[Collected material]
* * * * * * * * *
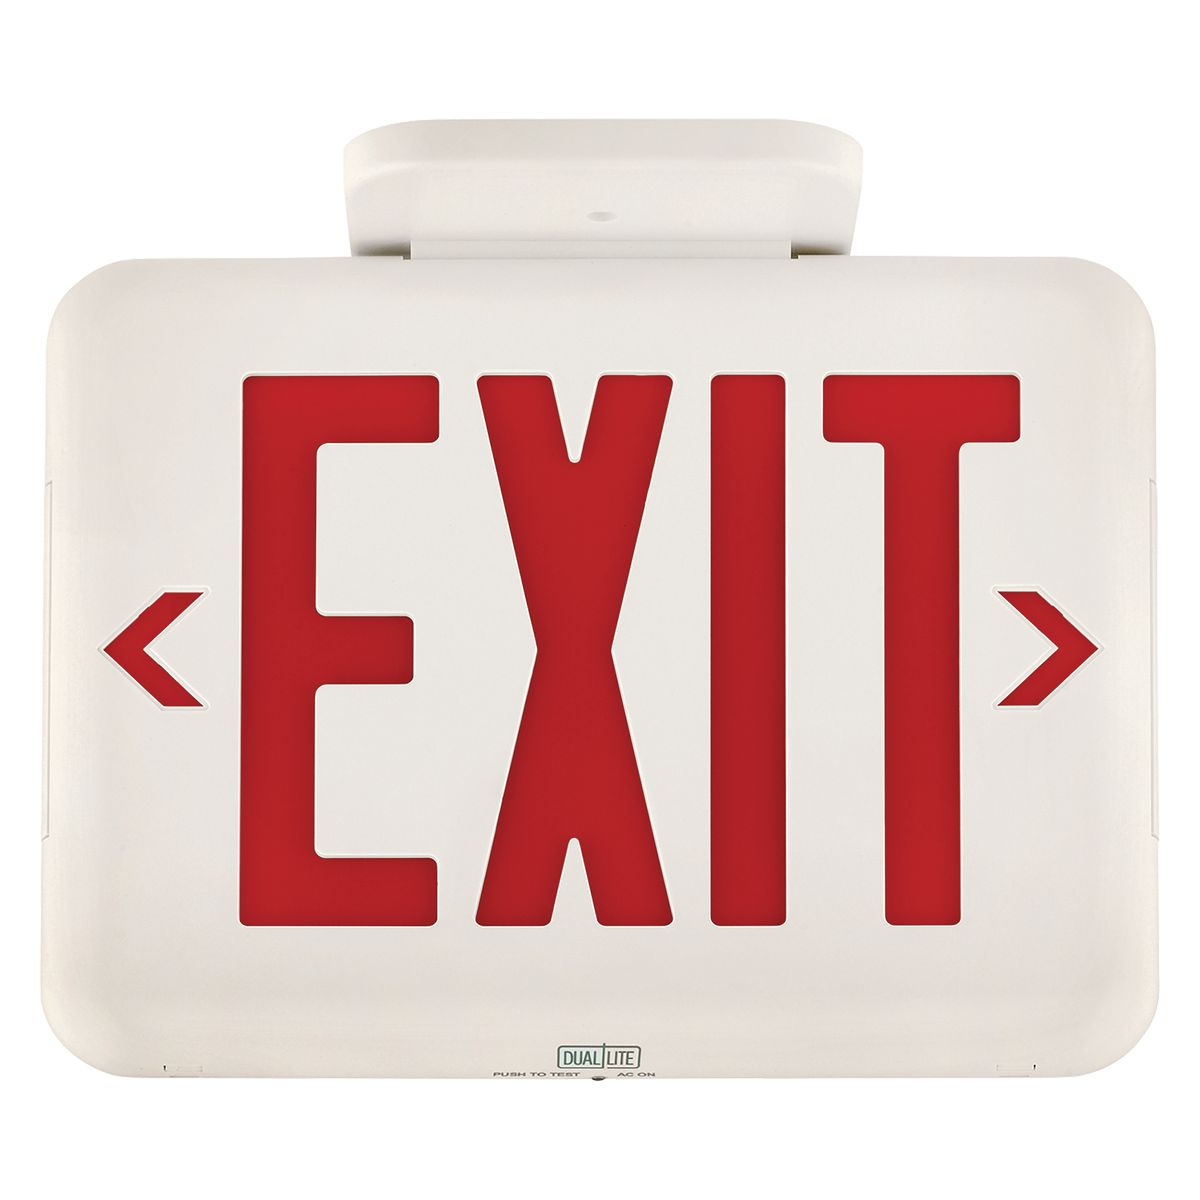 Standard Emer Exit red LTRs WH HSG
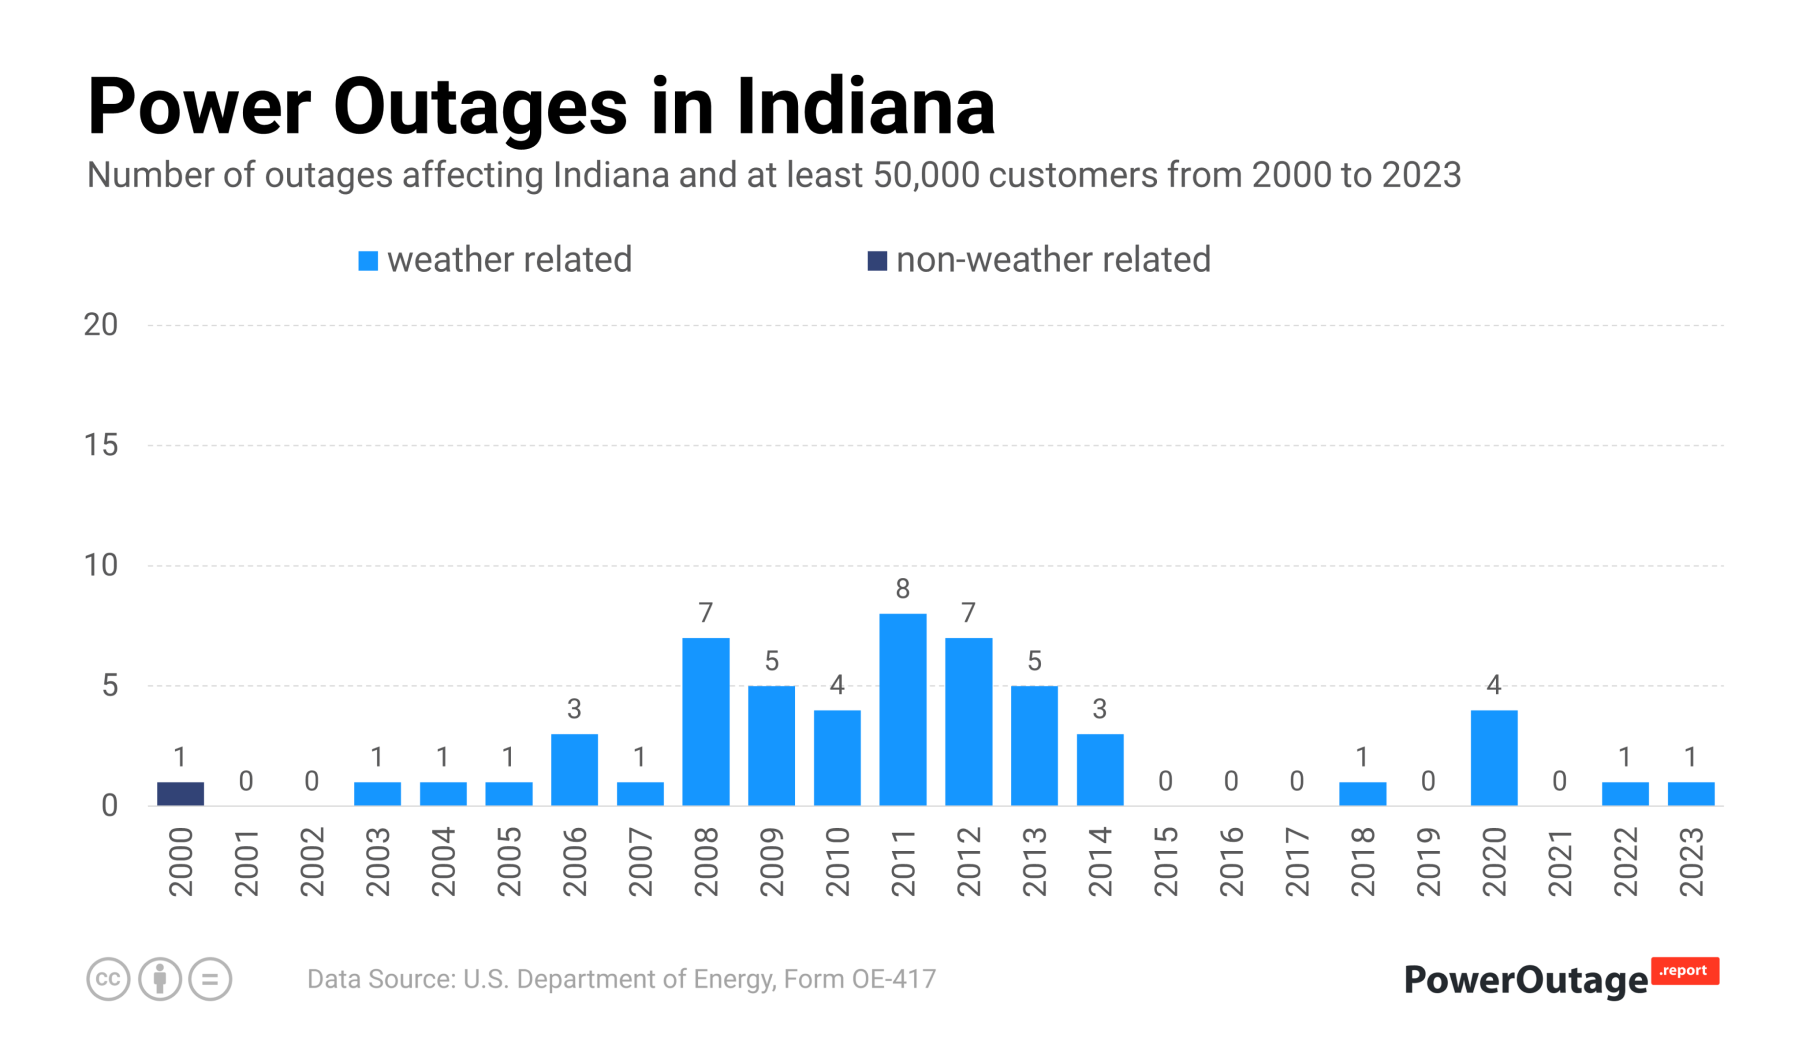 Indiana Power Outage Statistics (2000 - 2022)
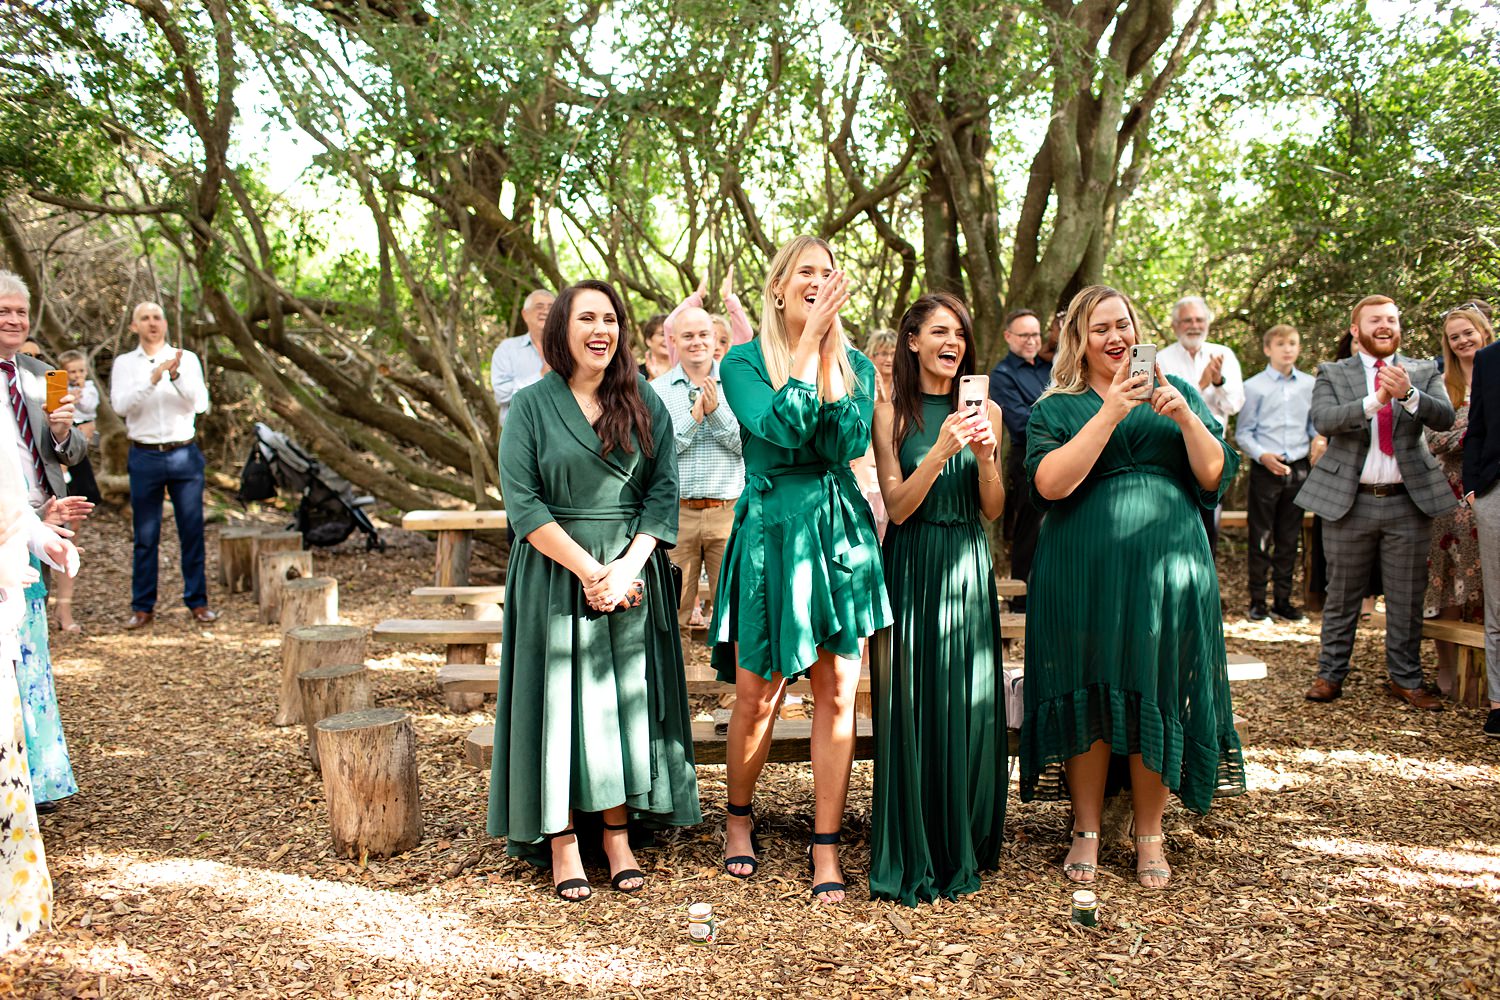 Wedding guests clap and cheer as the couple are pronounced husband and wife. Image by wedding photographer in South Africa, Niki M Photography
* * * * * * * * *
[Task brief]
The lines to repeat run from the line containing "Indiana Power Outage" through the end of the listing above, both included; give them exactly and without pictures.

[Answer section]
 Indiana Power Outage Statistics (2000 - 2022)
 Wedding guests clap and cheer as the couple are pronounced husband and wife. Image by wedding photographer in South Africa, Niki M Photography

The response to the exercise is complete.